Intrusive thoughts are unwanted thoughts that can pop up in our minds unannounced, at any time. Their repeated occurrence can make it hard to focus on daily tasks and sustain healthy relationships. They can be a symptom of common mental health conditions such as anxiety, depression or obsessive-compulsive disorder. To address these often-debilitating thoughts and advance the conversation on mental illness, we need to understand how they manifest themselves in each mental health condition.
Generalized Anxiety Disorder
People with generalized anxiety disorder can battle impaired concentration, difficulty sleeping and excessive worry when intrusive thoughts pop into their minds. For instance, they may have repeated worrisome thoughts about someone getting hurt or developing an illness. They may worry that they will lose their job.
These thoughts are not based on facts or past results — rather they are irrational and unlikely. However, they can seem very real and probable to someone who ruminates on them. These thoughts can be concerning to loved ones, especially when they start controlling the person’s behaviour.
Depression
Rumination can also accompany depression. In this case, when a person has a problem, they may find themselves thinking about it repeatedly and analyzing it for hours. The person may focus more on problems instead of solutions, and this may stop them from undertaking important tasks.
Examples of intrusive thoughts that accompany depression include seeing situations as “black- and-white,” assuming it will end disastrously because of past bad outcomes or viewing small mishaps in a magnified way. Another way in which intrusive thoughts affect people who have depression is that they can sometimes try to predict what someone is thinking, even if there’s no rationale for it. This can be distressing and take a toll on anxiety levels.
Obsessive-Compulsive Disorder
People with OCD may place less trust in their past experiences, leading to greater uncertainty, indecisiveness and explorative behaviours. This mistrust may cause intrusive urges, images or thoughts to arise, resulting in behavioural rituals, also known as compulsions. These can vary from compulsive handwashing, checking locks or switches or the repetitive pulling of hair (trichotillomania) or compulsive skin picking.
Strategies to Reduce Intrusive Thoughts
Managing Stress Levels
Experiencing a high level of stress can cause intrusive thoughts. This is one of the reasons why some of the most successful methods for battling anxiety and intrusive thinking involve curbing stress before it becomes a problem. In order to reduce stress and anxiety, developing emotional awareness is key. Signs that one is stressed include racing heart, experiencing changes in the stomach or bowel and having difficulty concentrating.

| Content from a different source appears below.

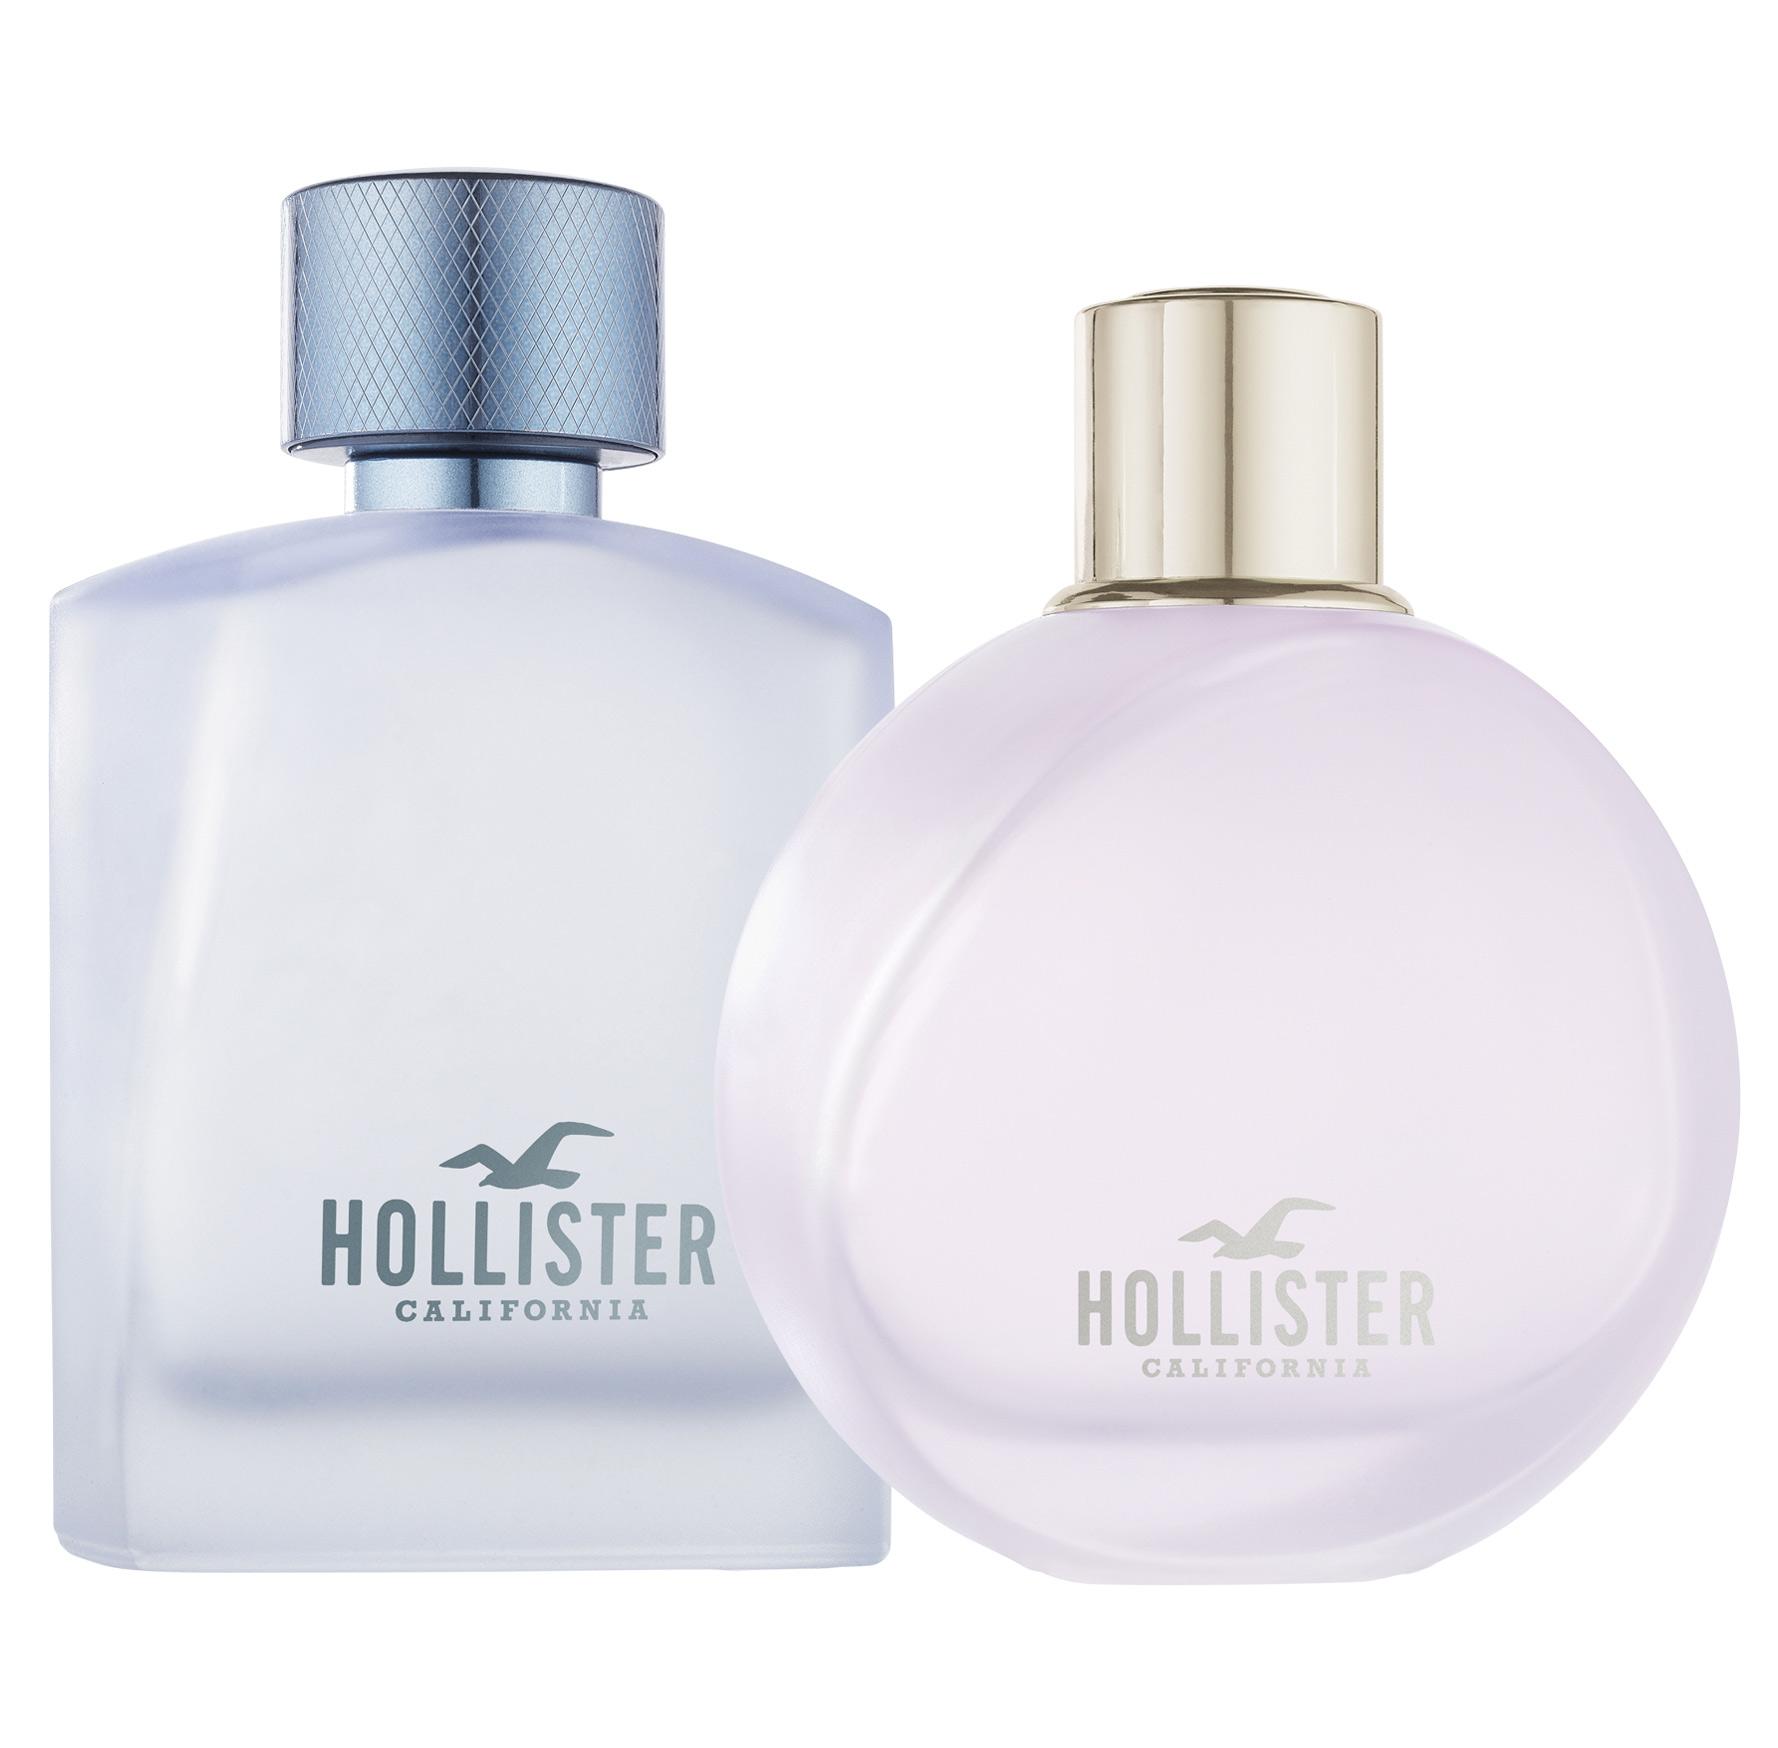 Nowe perfumy Free Wave Hollister!

Scientifically-proven means of reducing stress include controlled breathing, mindfulness meditation and reframing negative thoughts into more positive ones. Journaling, spending time in nature, yoga, meditation and exercise have all been found to lower stress hormone (cortisol) levels.
Prioritizing Sleep
One of the most important strategies for keeping intrusive thoughts or rumination at bay is to get quality sleep. Research found that sleeping less than eight hours a night is linked to intrusive, repetitive thoughts. The researchers showed participants a series of images that were intended to produce emotional responses. They found that those who had experienced regular sleep disruptions had greater difficulty in shifting their attention away from negative information.
Identify the Root of the Fear
In addition to battling stress and embracing good sleep hygiene, people who have intrusive thoughts can also take a behavioural approach to this issue. One useful strategy is to identify the root causes of the disturbance. By knowing your core values and identifying your boundaries, it becomes easier to identify why specific situations or experiences provoke disgust, fear or other distressing emotions.
For example, you may have experienced loss — perhaps the untimely death of someone you loved. This may begin to affect you negatively in other areas of your life. You may worry or experience intrusive thoughts that someone else close to you may pass suddenly, or in the same way. To help deal with this, you may develop repetitive behaviours that you think are going to solve the problem or stop it from happening.
Rather than suppressing intrusive thoughts, you can take a mindful approach, accepting them without judgement but knowing that they do not define you and despite their strength, you can maintain healthy thinking processes.
Facing Intrusive Thoughts Head-On
You should avoid “running away” from situations that can cause you stress, as this can push you into rumination. Try to understand the vital link between your thoughts, emotions and behaviours. Recognize how these affect the way you think or feel about a situation. Also, try to reframe negative thoughts into positive ones.